I've had good luck running The Slicer script for all my upgrades, which is described in the 6.3 slice upgrade thread. Da Goon's script won't work for an upgrade from 3.1.5f because network parameters are set up with ifconfig in the author file, which won't work with 6.3. See here. If you know your way around your tivo, I'd suggest a manual upgrade, otherwise the Slicer is the way to go.

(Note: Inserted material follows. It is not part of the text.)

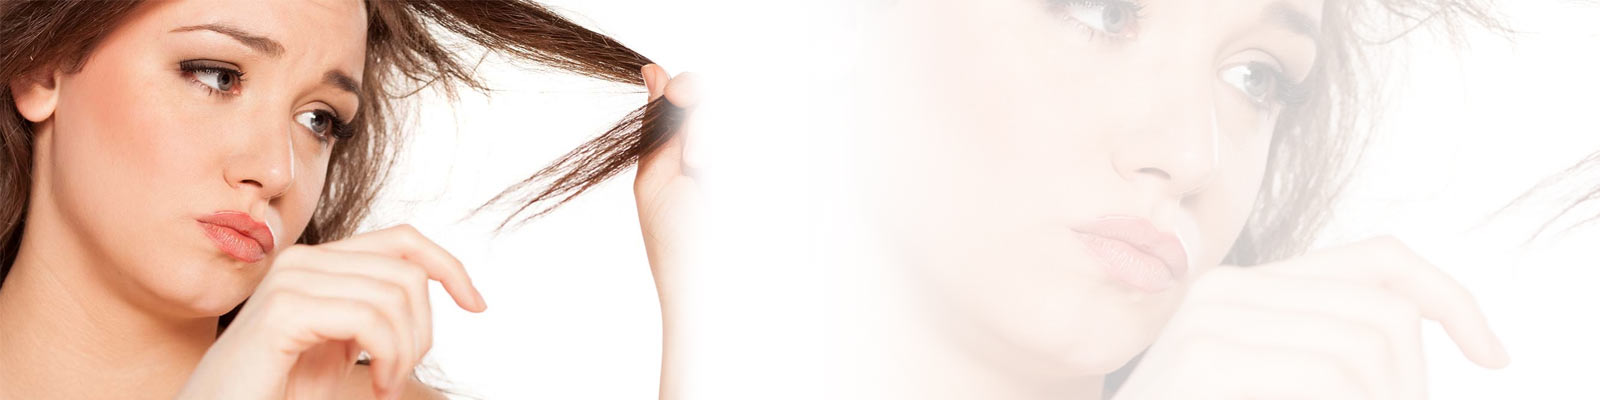 Hair Loss Treatment for  Women

It's $20, but it's been around for awhile and has been refined to account for many things that can go wrong with a slice upgrade.


----------



## katiebear00 (Dec 27, 2005)

incog-neato said:


> Lost me there!
> 
> I looked in MFS via TiVoweb and found this under the path you mentioned and it shows:
> 
> ...


Sometimes the sw version listed in ServiceConfig doesn't match the ACTIVE sw listing. This script updates the ACTIVE sw listing. 
link


----------



## incog-neato (Sep 18, 2007)

But it's not. No 6.3E slices have downloaded to 2 of my 3 HR10-250's. I have slicer but can't use it without the slices. That's the problem! 



katiebear00 said:


> Sometimes the sw version listed in ServiceConfig doesn't match the ACTIVE sw listing. This script updates the ACTIVE sw listing.
> link


----------